The film is paced very well. There are moments of action and mayhem for sure, but a lot of the film is carried out in silence save for the musical score. Aside from the prologue sequence, the pair are able to have conversations, such as during a thunderstorm, or when they are by noisy objects, but for the most part they communicate in silence. Rather than the static nature of the first film, the pair here are constantly on the move, and it felt novel that rather than a typical 'escape the city' storyline, they instead are on a far more personal quest, that takes Sam back to her childhood, where she can get final closure on her life. The alien creatures looked as freaky and lethal as always, the resemblance to the Demogorgon from Stranger Things even more apparent now that one of the cast members of that show is around them. Sound design was excellent here, with sound as integral a part as the previous films, but here amplified even more by being in a once loud and bustling New York now silent. It speaks to the emotional beauty of the film that my favourite scene was one late into the one hour forty minute movie, in a place removed from the outside horror. Here, Sam and Eric really sharing a real moment together in a place very important to her and which perfectly summed up the vibe and feel of Day One as a whole.
The only issues I had with the film were slight, it sometimes felt like the cat was used as a way for the pair to have to get into danger, and there was one side character (who later appears in A Quiet Place: Part II) who kept turning up randomly throughout the film. I thought he was a good character, it just felt a bit unrealistic that in a city the size of New York he would keep popping up in the places he did.

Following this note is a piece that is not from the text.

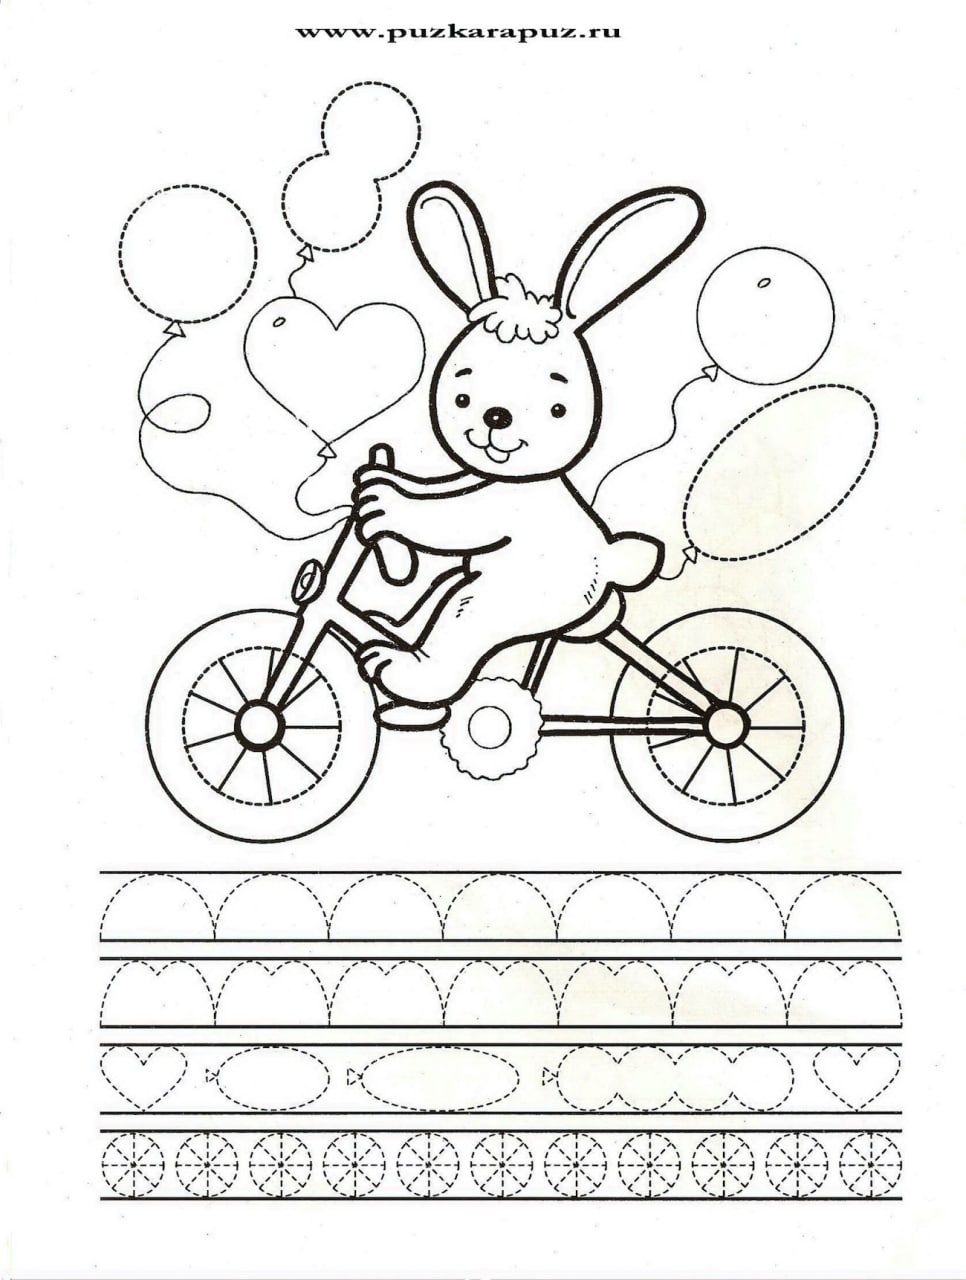 Велосипед задания для дошкольников

This even manages to end on a perfect note, with both characters (and the cat) all getting fantastic endings to their storylines, I can't think of how the ending could have been improved upon. A Quiet Place: Day One feels like the culmination of the idea first explored in the original movie. The idea felt refined and built upon, with its display here being where everything came together perfectly. I came in expecting balls to the wall action and left with my best friend in tears and us both blown away with just how emotional and special this wonderous movie was.